In popular culture tourism people travel to and visit places associated with various popular culture phenomena. Following seminal work and state of the art research defining fans and fandoms (Ford, De Kosnik, & Harrington, 2011; Gray, Sandvoss, & Harrington, 2007; Jenkins, 2012; Lewis, 1992), popular culture tourists can to varying degrees be considered as fans. Studying popular culture tourism as a type of fan practice or fan activity is based on focusing on what fans pursue in everyday life if fandom is defined as a role in relation to popular culture (Duffett, 2015). Specifically, music tourism “can be seen as a range of practices where sites of music production and expression become the points of attraction for tourists” (Gibson & Connell, 2005, p. 16).
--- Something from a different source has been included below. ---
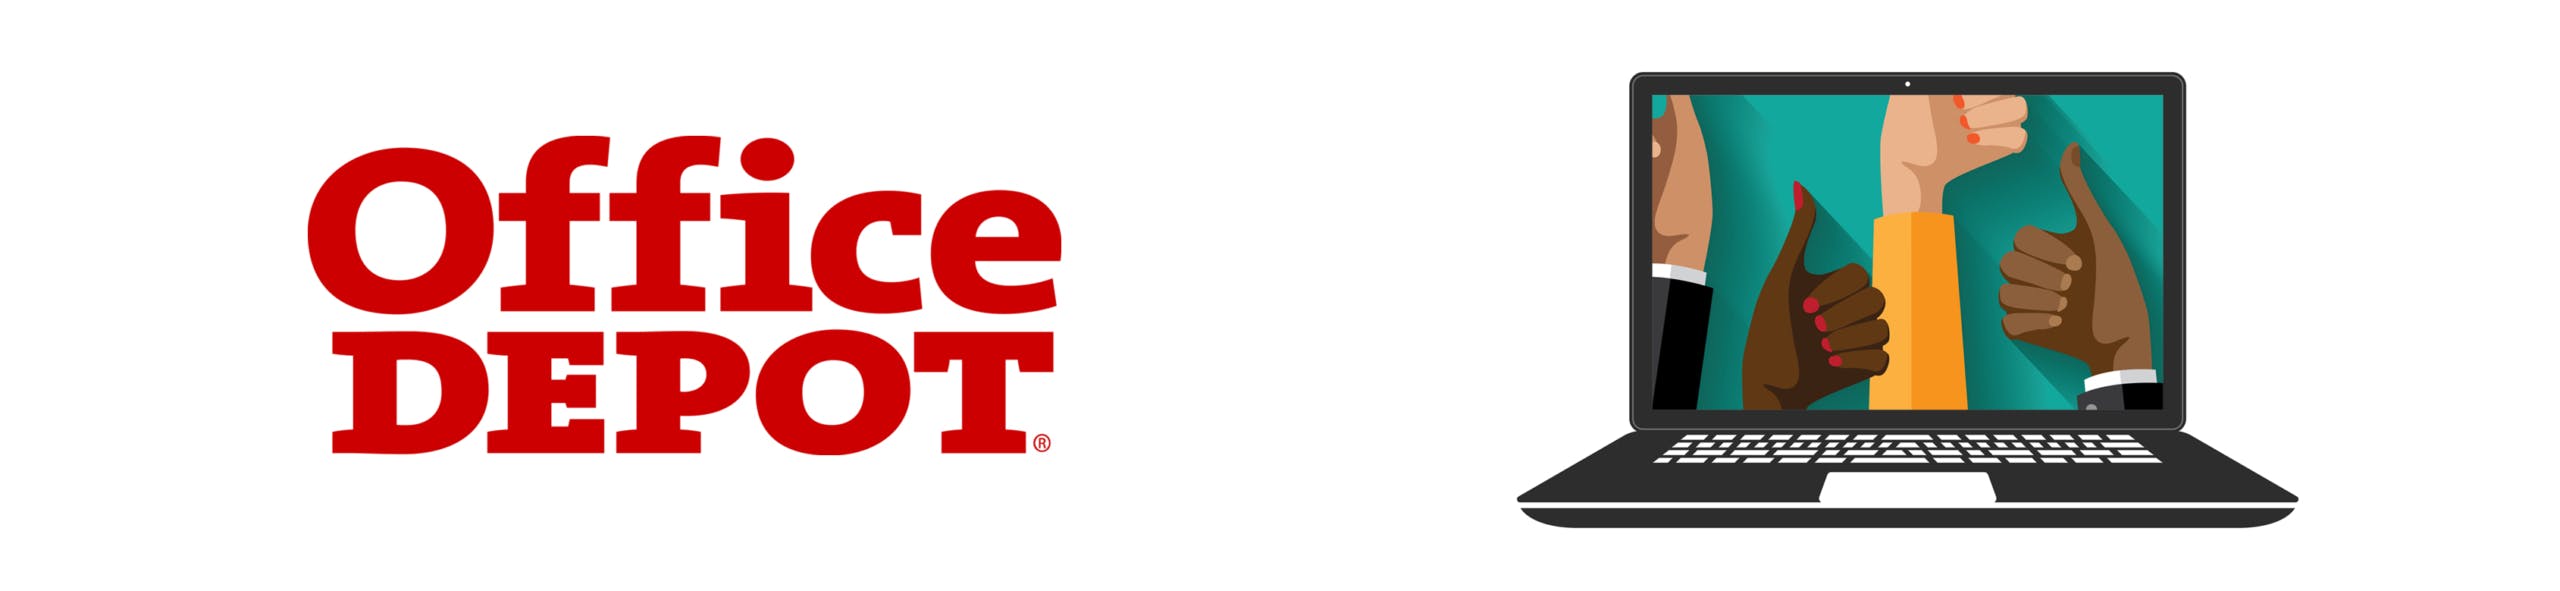 Office Depot logo next to a laptop with thumbs pointing up

It is an act of consumption that involves complex rituals and suggests the powerful emotive role of music in contemporary society (Gibson & Connell, 2005). People travel to music events and attractions as well as places associated with music either as fans, pilgrims, concert goers, festival attendees, or perhaps to places where the sound of music is closely associated to the experience of place (Lashua, Spracklen, & Long, 2014). Research that uses various perspectives of place and geography has described music tourism in previous literature (c.f. Carney, 1997; Cohen, 1991, 2007; Cohen, Knifton, & Leonard, 2013; Connell & Gibson, 2003; Gibson & Connell, 2012; Krims, 2007; Leaver & Schmidt, 2009; Watson, Hoyler, & Mager, 2009; Xie, Osumare & Ibrahim, 2007). However, it should be noted that for popular culture tourism, and in general, it is important to acknowledge that fan practices or fan activities are only indicative of fandom as a role. People can do things for any number of other reasons outside the role of fandom, such as for the pure pleasure of listening to a piece of music or as part of a musician’s working life (Duffett, 2015).